**Directions for this task**
Everything from the line containing "Motorrad Mieten Bmw" through the last line of the listing below should be returned exactly, except for pictures.

**Provided data**

========================

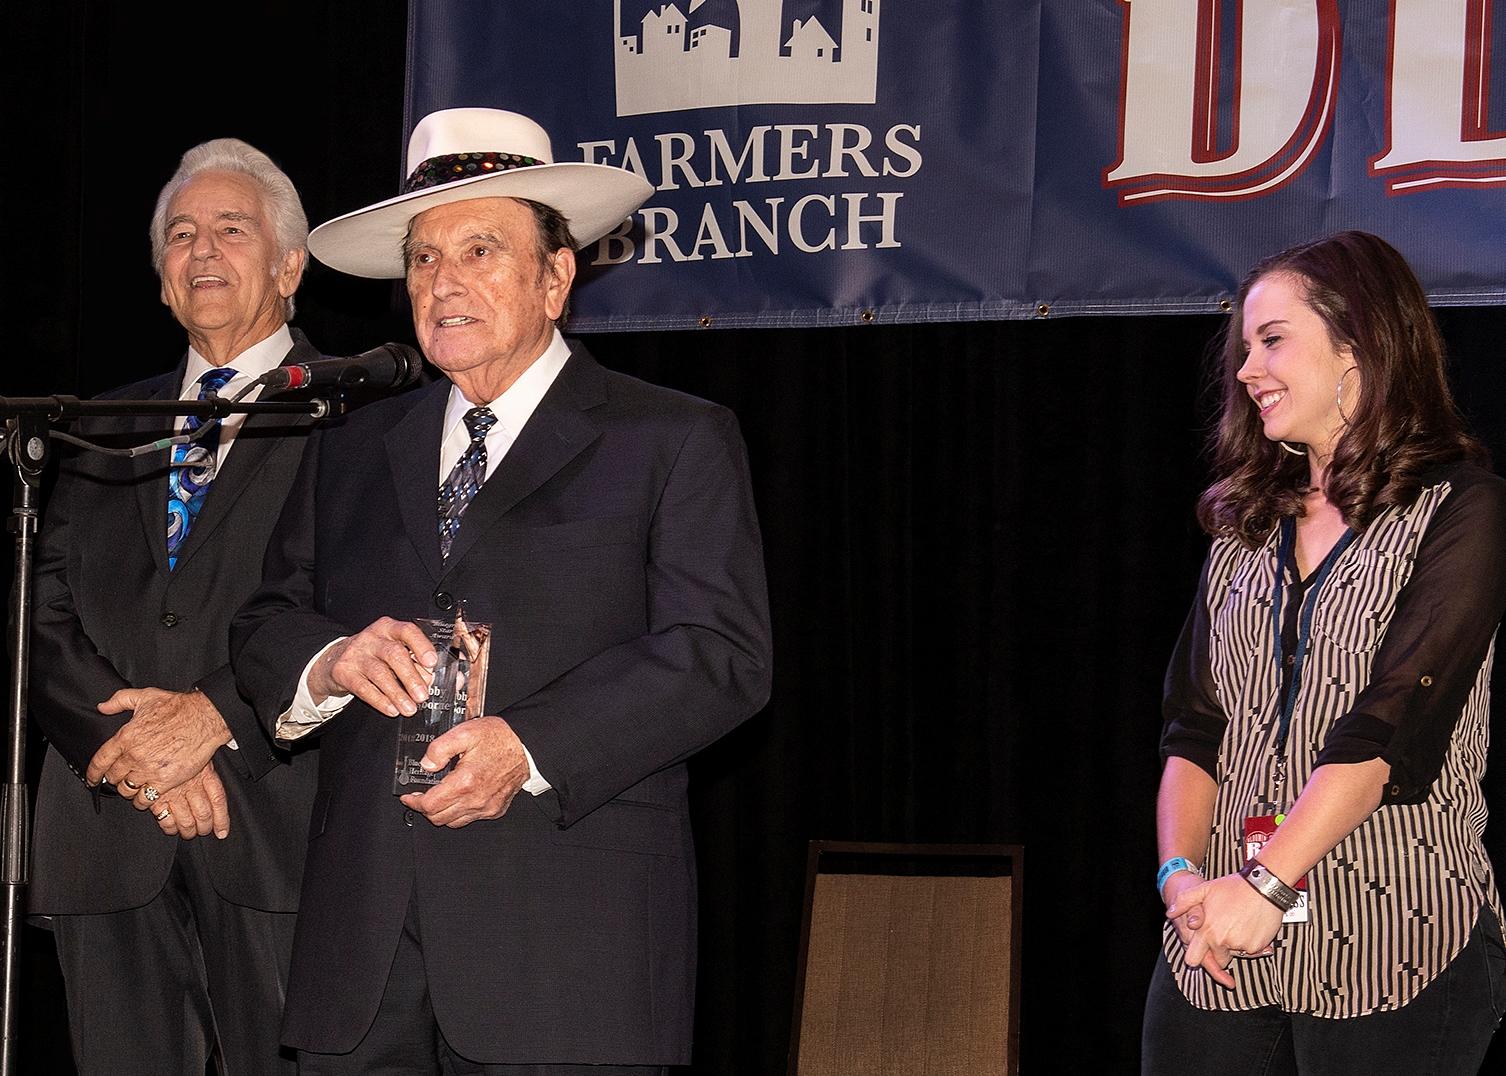 Bobby Osborne Star Award presentation  (photo by Perry Callahan)
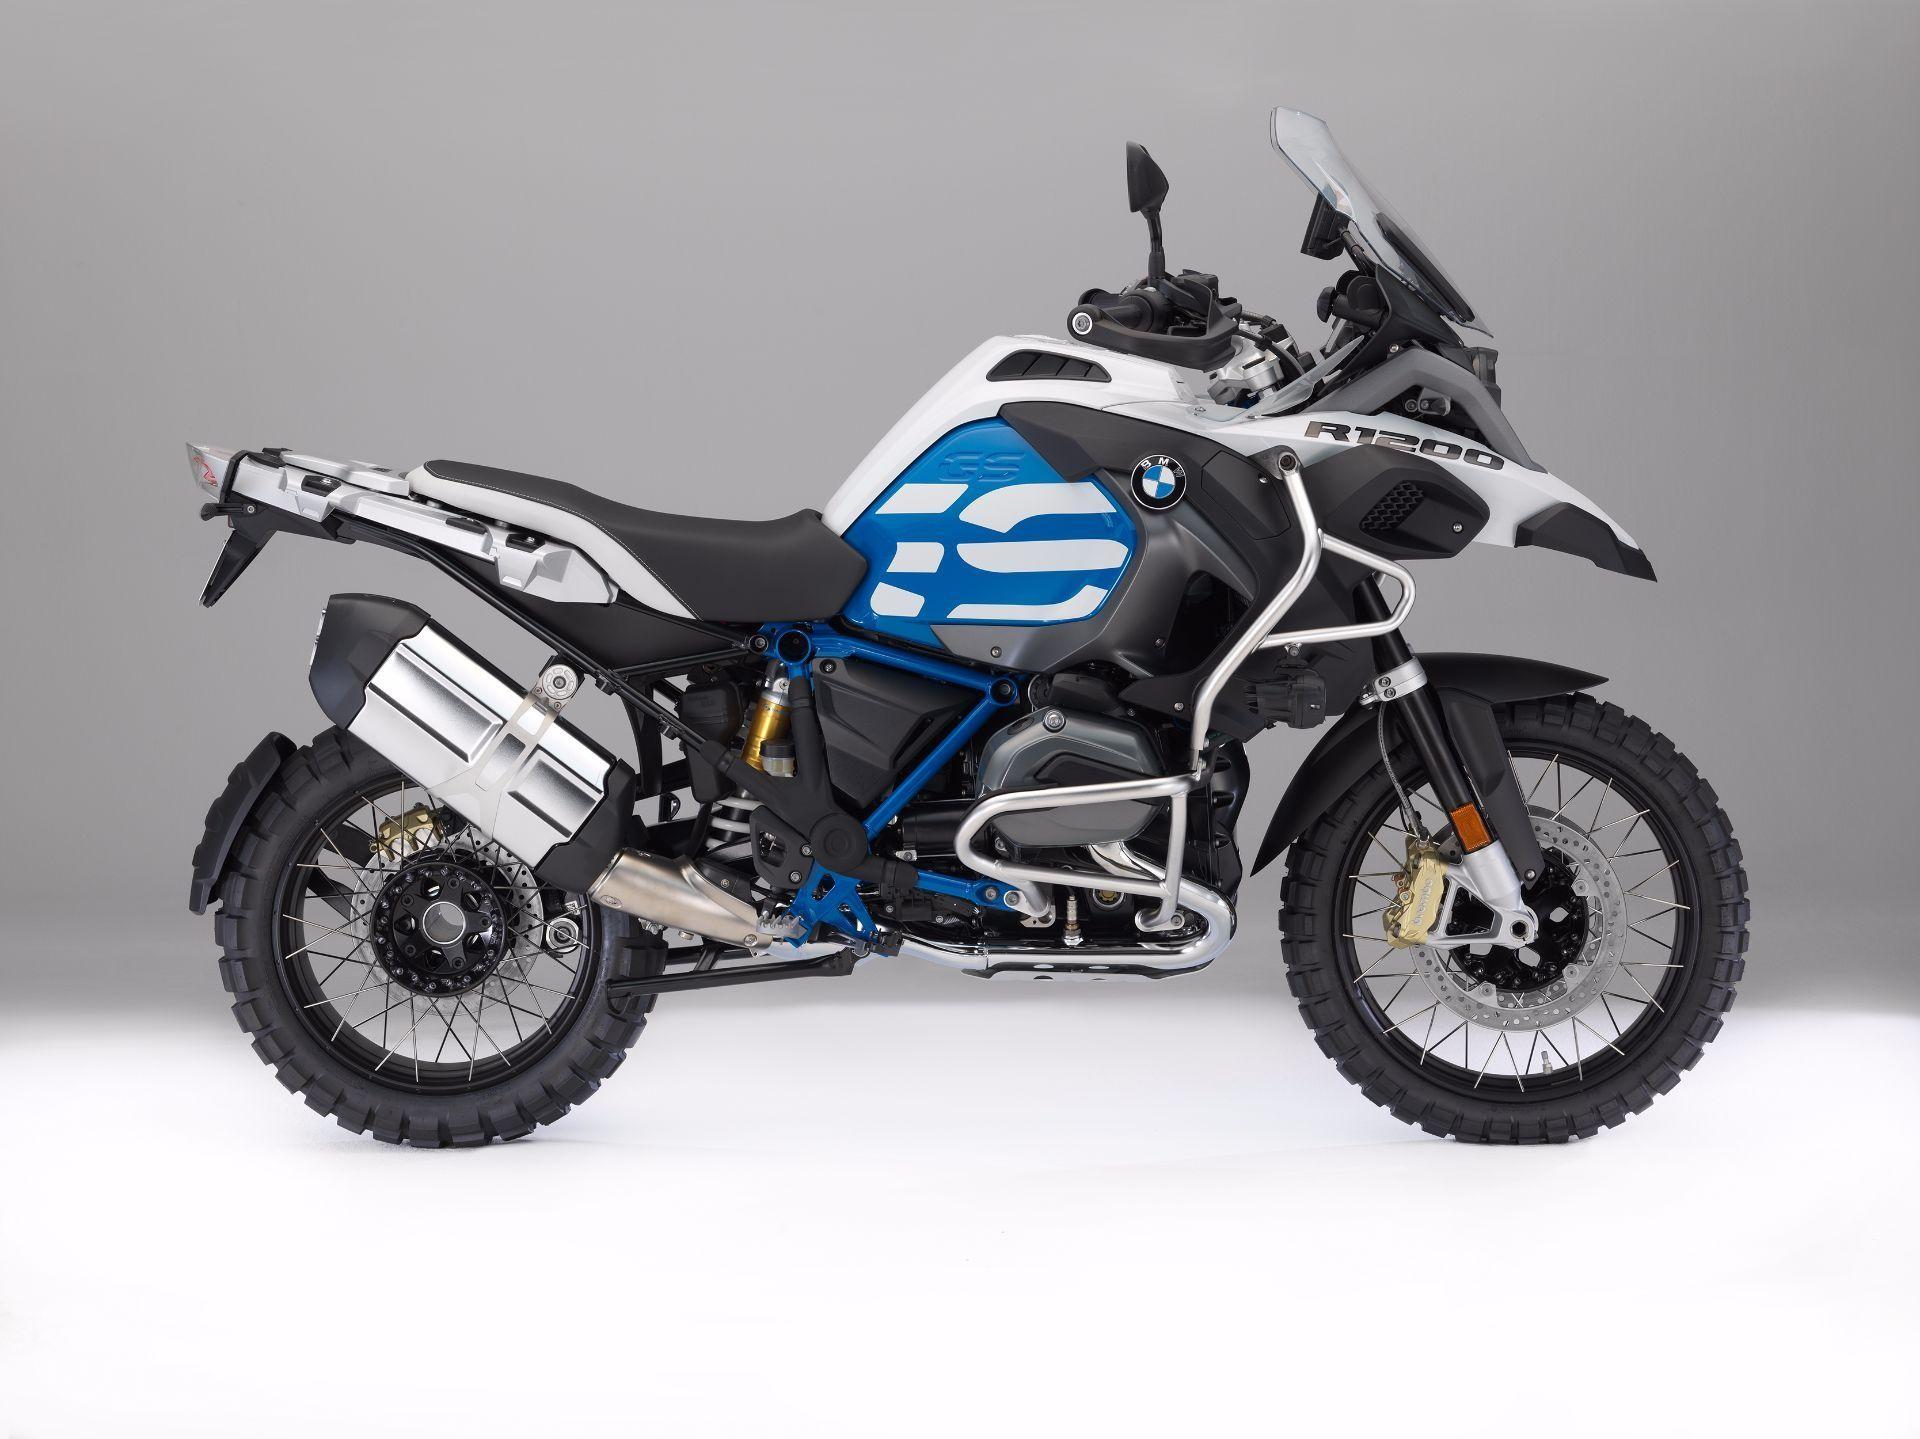 Motorrad Mieten Bmw R 1200 Gs Adventure Abs Motocenter Seetal Hochdorf
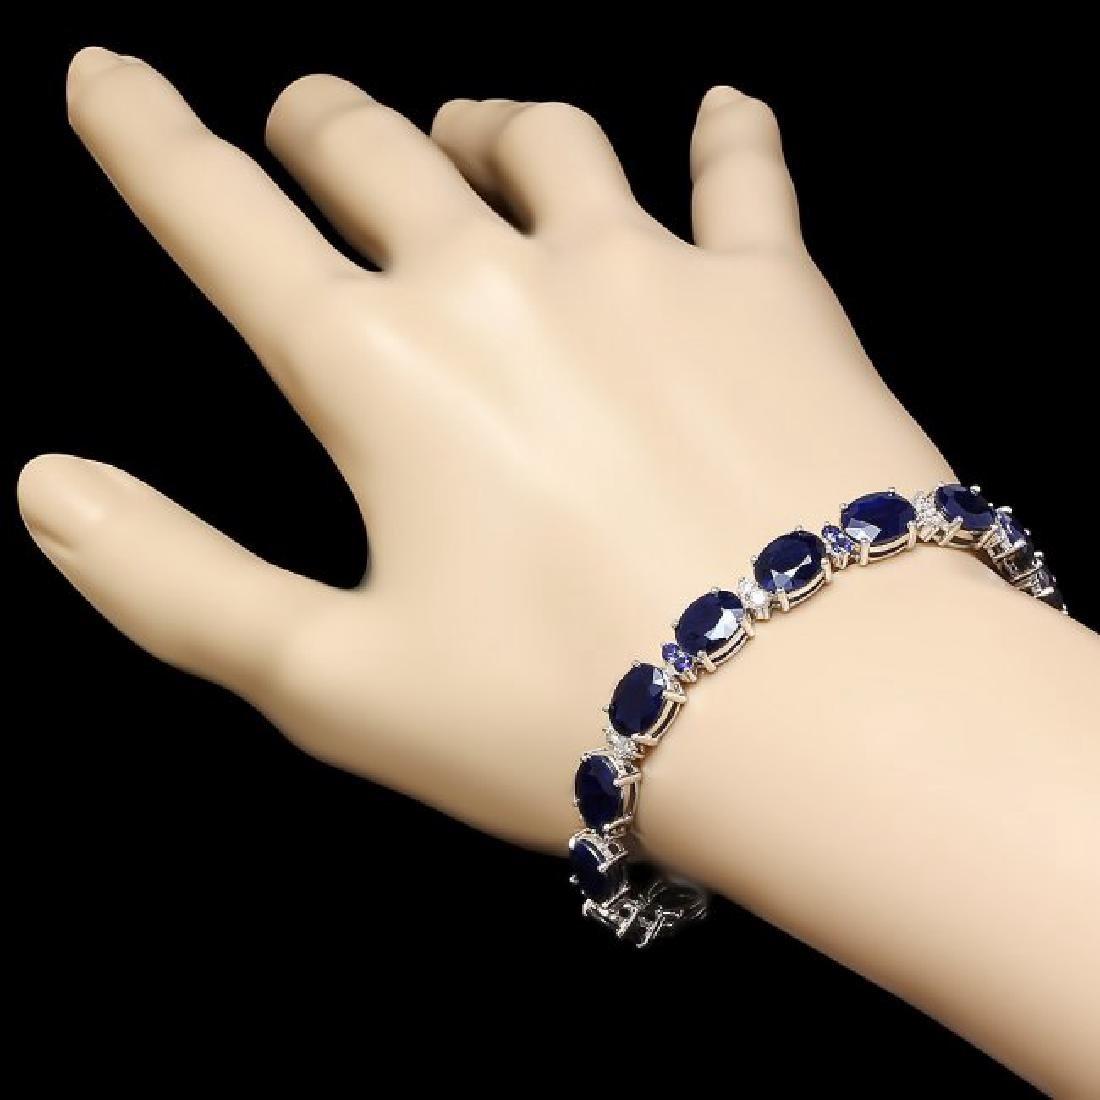 14k Gold 35.8ct Sapphire 0.75ct Diamond Bracelet - 5

========================

**Answer space**
 Motorrad Mieten Bmw R 1200 Gs Adventure Abs Motocenter Seetal Hochdorf
 14k Gold 35.8ct Sapphire 0.75ct Diamond Bracelet - 5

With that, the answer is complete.